Schrödinger Equation

The Schrödinger equation was proposed by physicist Erwin Schrödinger in 1926. It succeeded the quantum theory ideas of Planck which stated the quantization of energy and the great Einstein. It sparked the quantum mechanical era and disproves many concepts from classical mechanics.

History and Background

The Schrödinger equation integrates both classical mechanics and optics. It uses conservation of Energy from classical mechanics written in terms of its wavefunction. It is the basic equation used to solve wave functions of atomic particles such as electrons, protons, and atoms. Some of these examples include the particle-in-a box, the Bohr Hydrogen model, an electron in a force field, the harmonic oscillator, and Spectroscopy (infrared, electronic).

There are two types of Schrödinger equations, a time-dependent and a time-independent. The time-independent Schrödinger equation is used when dealing with stationary states because they do not change over time. In chemistry (general chemistry and physical chemistry) we are mostly dealing with stationary states. The wavefunction is a function of position. In the time-dependent Schrödinger equation, the wavefunction is a function of position and time.

The Time-Independent Schrödinger Equation

From classical mechanics: T + V = E. Kinetic Energy + Potential Energy = Total Energy, as from the Law of Conservation of Energy. The Schrödinger equation uses this fundamental principle in terms of its wavefunction:

$\hat{H}\psi_n = E_n\psi_n$

In the time-independent Schrödinger equation, the Hamiltonian operator is equivalent to the total energy operator. This means that the total energy is also an operator and a scalar quantity. The Hamiltonian operator consists of kinetic energy and potential energy. The energy has an eigenvalue, and the wavefunctions are eigenfunctions. Since the time-independent Schrödinger equation is in terms of its wavefunction, the Energy derived from the Schrödinger equation must be quantized. This equation is only useful for functions that represent waves such as sine, cosine, exponential functions, etc. The second derivative of the function must equal the original function. The following representation Schrödinger equation is readily expandable to three dimensions, though it is more typical to expand to spherical polar coordinates rather than Cartesian.

$-\dfrac{h^2}{8\pi^2m} \times \dfrac{d^2\psi}{dx^2}+ V \psi = E \psi$

where $$-\dfrac{h^2}{8\pi^2m} \times \dfrac{d^2\psi}{dx^2} = KE$$

$V\psi = PE$

$E = Total Energy = V \; + \; E$

Solutions to the Schrödinger Equation

1. The wavefunctions are termed eigenfunctions and each corresponding energy is the eigenvalue.
2. When two or more eigenfunctions have the same eigenvalues, they are said to be degenerate.
3. If a wavefunction from the independent - Schrödinger equation is a solution, any constant multiple of that wavefunction is also a solution.

Atomic Orbitals

Examples of the solutions to the Schrödinger equations are atomic orbitals. If two atomic orbitals are degenerate solutions with the same eigenvalue, then their linear combination is also a solution.
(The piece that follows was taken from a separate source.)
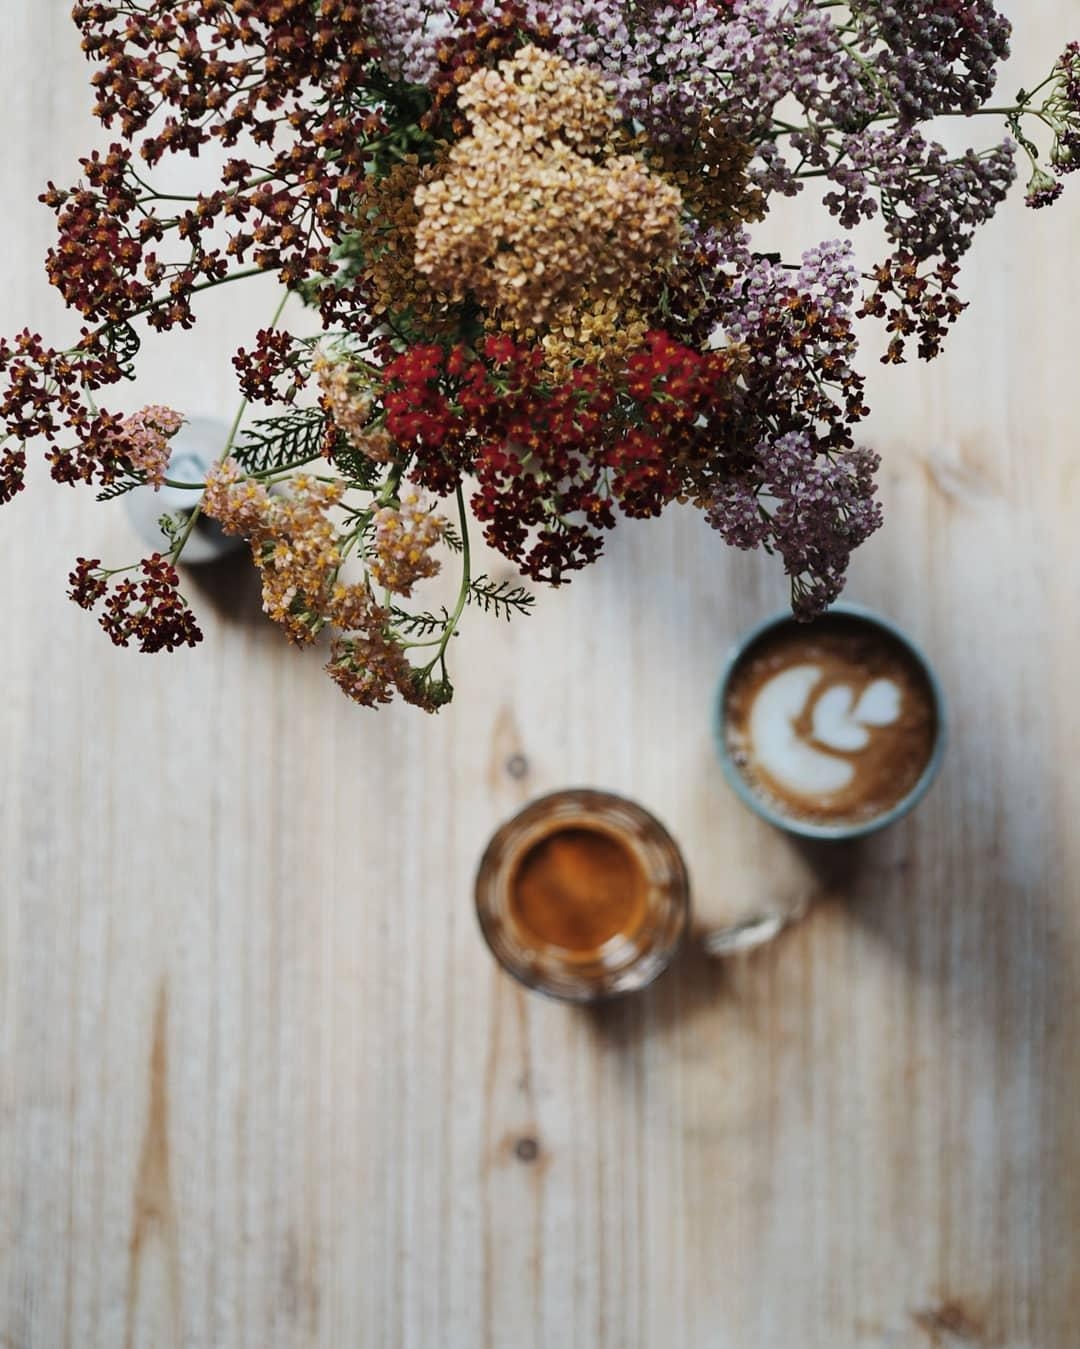 Das Leben ist zu kurz für schlechten Kaffee. 

#coffee #kaffee #hygge #zuhause #flowers #sunday #gemütlich

The linear combination of the two atomic orbitals would result in a molecular orbital. If two wavefunctions or atomic orbitals are not degenerate and do not have the same eigenvalue, then their linear combination would equal 0. They are then said to be orthogonal:

$\displaystyle \int^{\infty}_{-\infty}\psi^*_{j}\psi_{i}dx = 0$

How to Use the Time-Independent Schrödinger Equation

1. The first step to solving the Schrödinger Equation is to define the potential.

2. The third step is to get the wave functions. If the Schrödinger Equation applies then three things must be true about the wave function.

3. The third step is to solve the Schrödinger Equation.

1. It must be a single value at any point.
2. It must be finite.
3. It must be continuous and its first derivative must also be continuous.
1. The fourth step is to get the Energies.
2. The fifth step is to apply this to real - life situations such as:
1. Transition State Theory
2. Chemical Reactions
3. Optical Properties (colors)
4. Vibrations
5. Bonding

References

1. Chang, Raymond. 2005. Physical Chemistry for the Biosciences. Sausalito (CA): University Science Books. pg. 416 - 426
2. Harris, Daniel C. 1948. Symmetry and Spectroscopy, an Introduction to Vibrational and Electronic Spectroscopy. New York: Dover Publications. pg. 70 - 75.